## INFORMATION PROVIDED

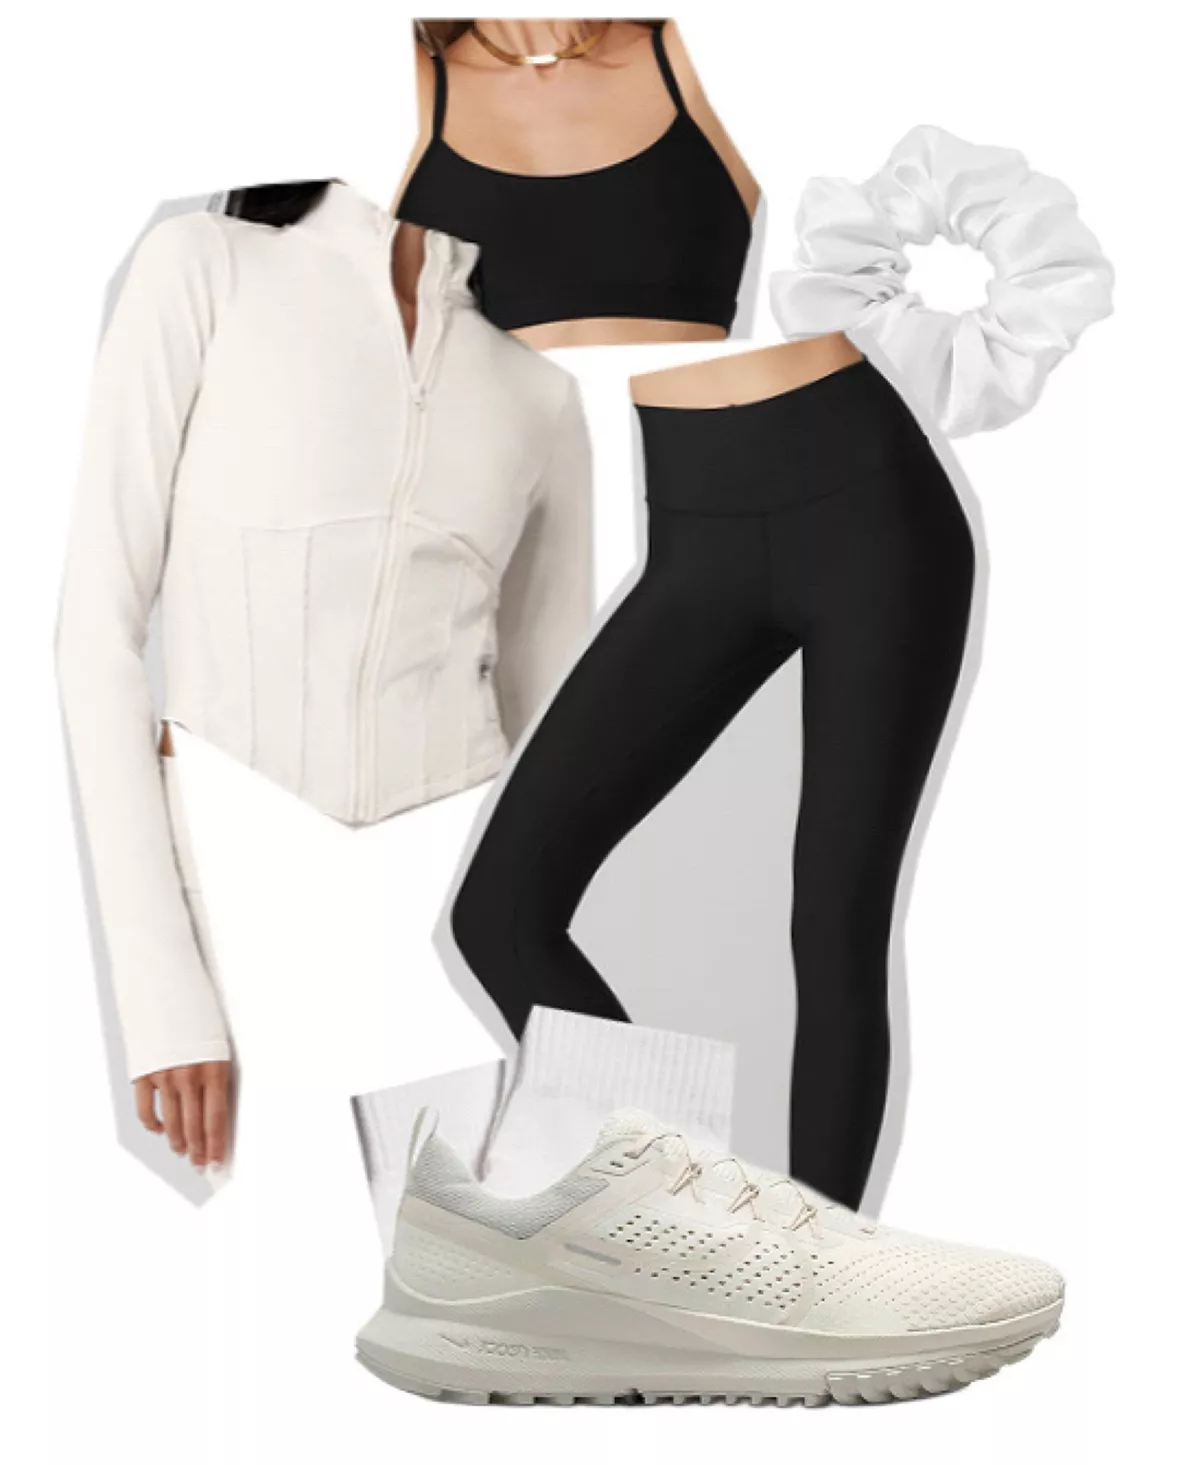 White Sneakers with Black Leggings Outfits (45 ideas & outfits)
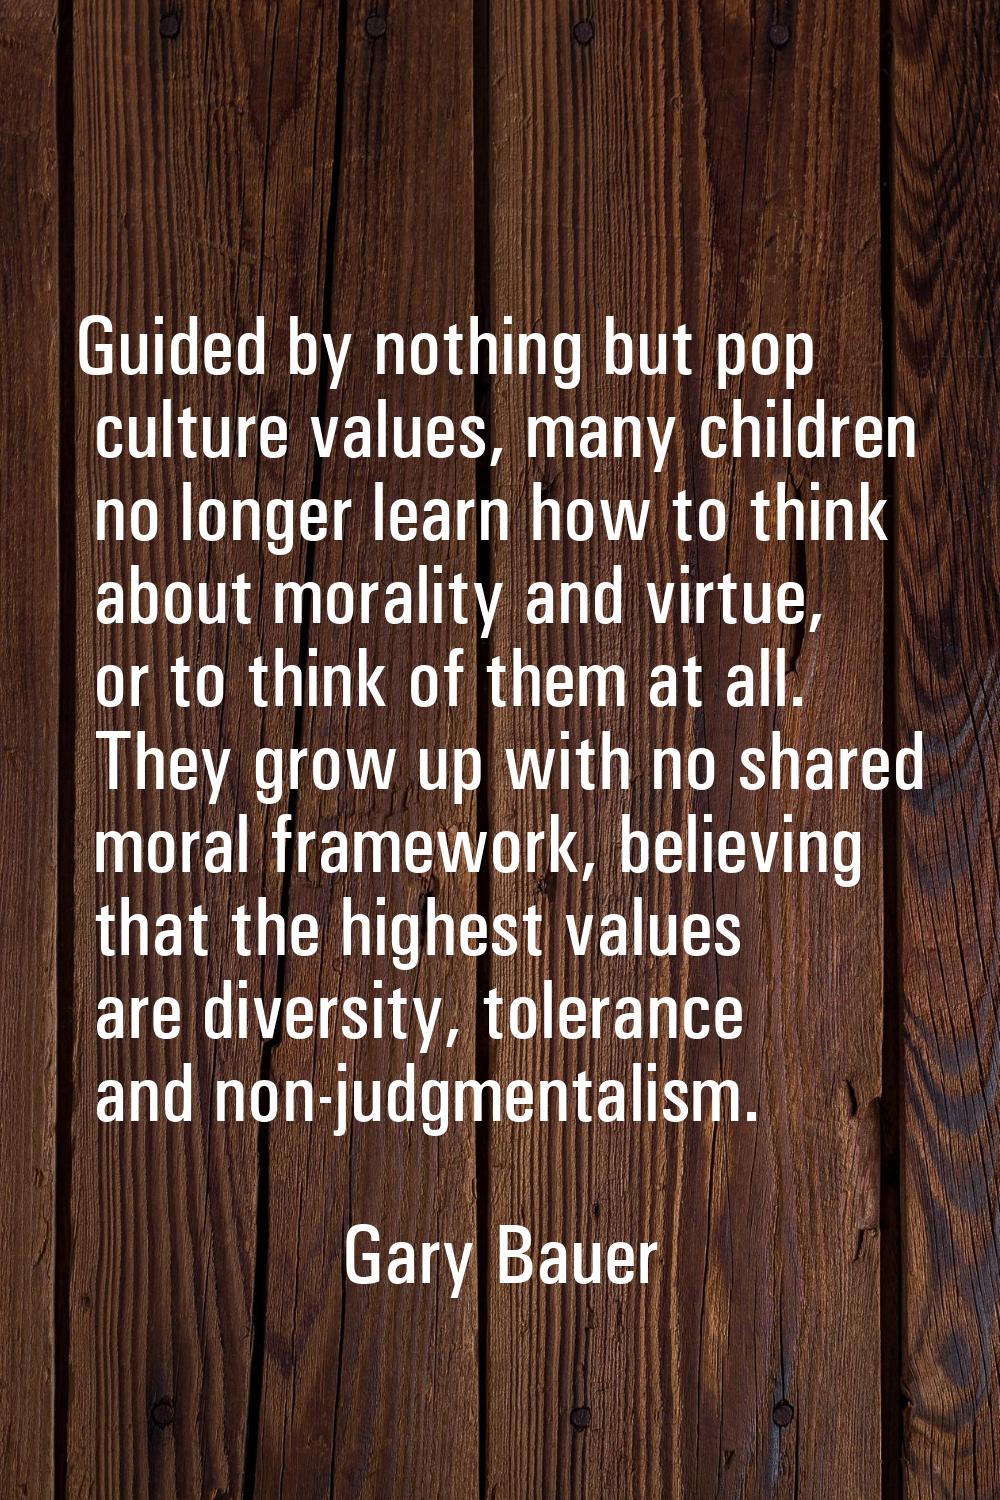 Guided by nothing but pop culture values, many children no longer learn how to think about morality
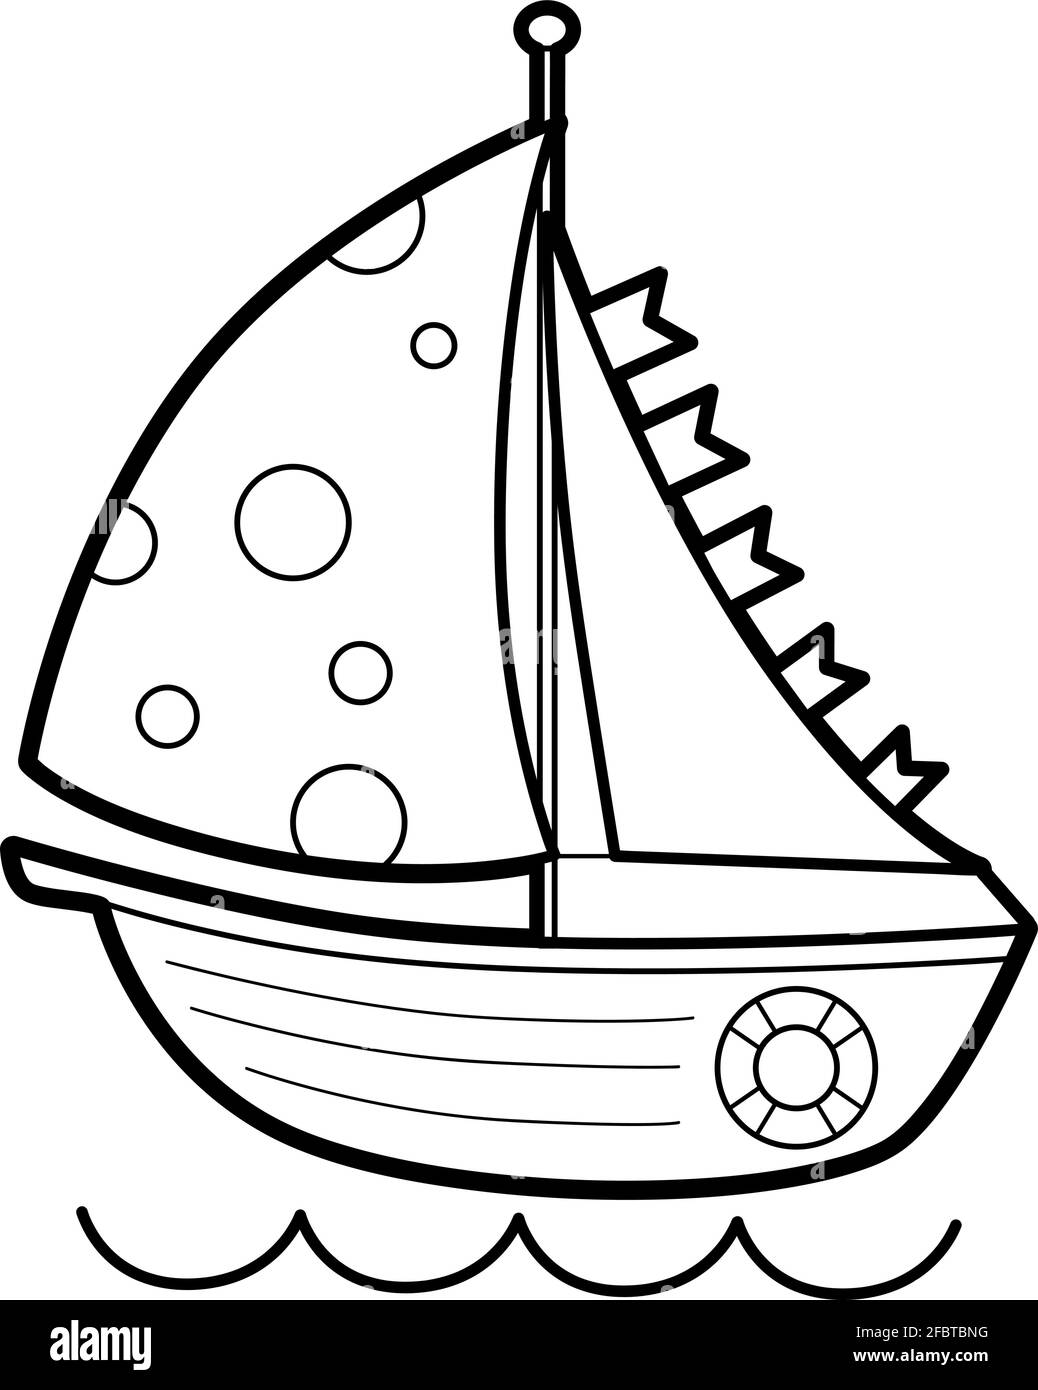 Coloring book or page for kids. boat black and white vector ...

## WHAT YOU HAVE TO DO
Would you return the data above exactly as written, minus the images?

## WRITTEN SOLUTION
 White Sneakers with Black Leggings Outfits (45 ideas & outfits)
 Guided by nothing but pop culture values, many children no longer learn how to think about morality
 Coloring book or page for kids. boat black and white vector ...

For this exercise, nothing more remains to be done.